I took the chance to sneak glances at him. I don’t know what I was expecting to see. He looked exactly as he always did: tall, handsome, his dark hair tied behind his head in a sweep that emphasized the sharp line of his jaw. Even knowing it had all been a trick, I couldn’t reconcile this Rupert with the cold killer I’d shot six hours ago, and the disconnect was starting to get to me. Finally, just before we reached the door to the lounge, I snagged his sleeve.

“Listen,” I said as we stopped. “If we’re going to be stuck on this ship together for a while, I need to know—was all that stuff before an act?”

I expected him to look at me with those clear blue eyes and ask what was I talking about, but Rupert didn’t. Instead, he leaned on the door, his dark brows furrowed as he considered my question. “Some of it,” he said at last. “The captain thought the test would be more effective if you liked the man you’d be shooting.”

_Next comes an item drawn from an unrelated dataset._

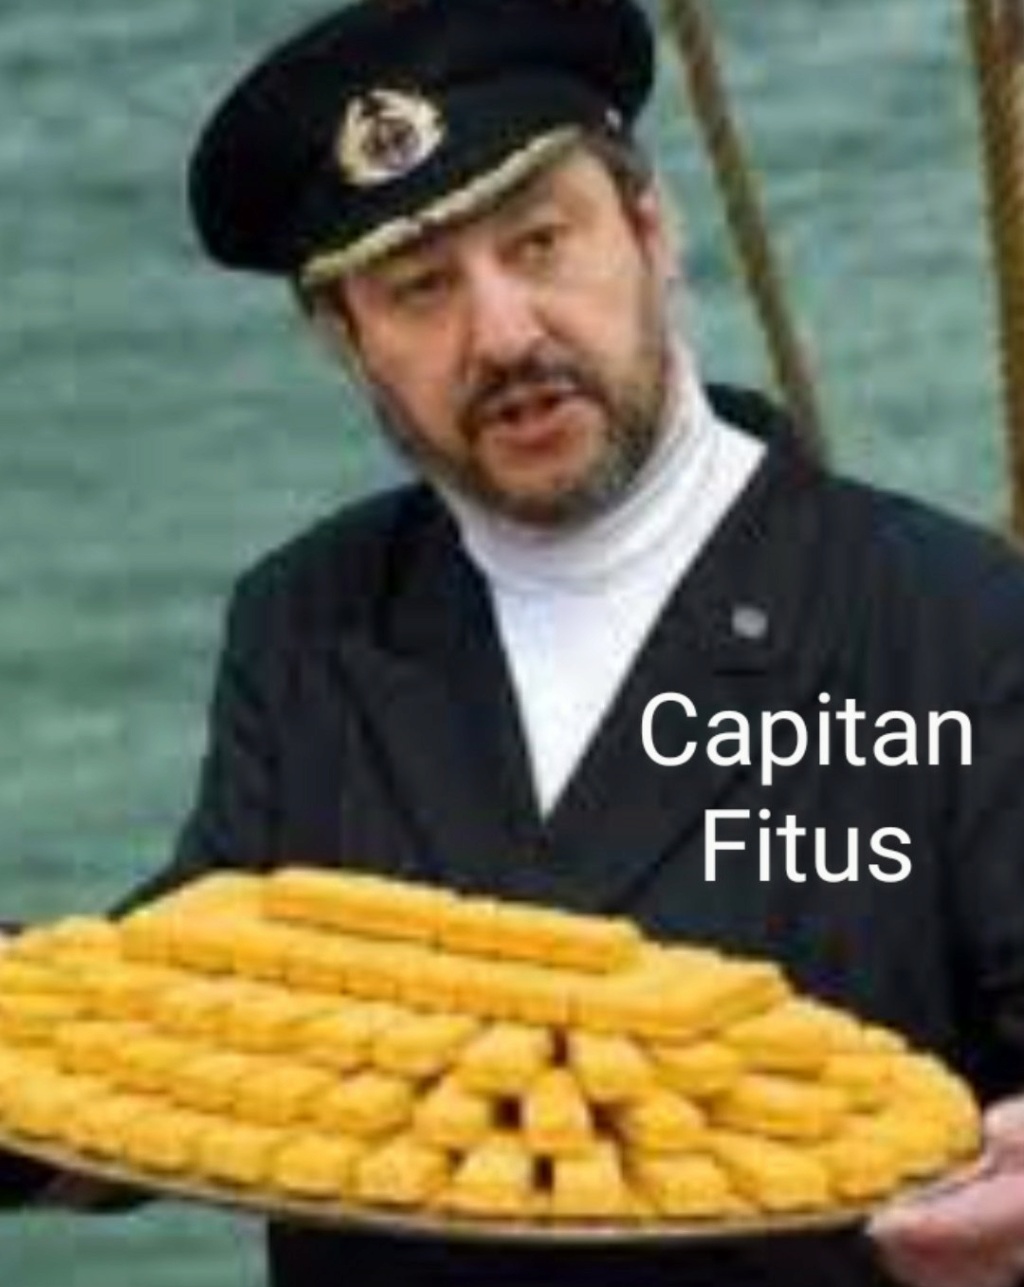 Capitan fitus Scree846

“He wanted to see if I’d shoot a friend?” I’d thought as much, but hearing it confirmed brought my rage roaring back. I crushed it ruthlessly. If I was going to be mad at anyone, I’d save it for myself. No point in yelling at Rupert for following orders when I was the one who’d let herself get suckered in. No point in mentioning that we both knew how ready I’d been to take it past friends if he’d let me either. “That’s why you did it?”

“That’s why I sought you out,” Rupert said. His voice was casual, but there was a hesitation between his words that told me he was picking them very carefully. “But it wasn’t all an act. You’re an entertaining person, Devi.” He glanced at me, and his smile came back. “You will have to start buying your own drinks, though.”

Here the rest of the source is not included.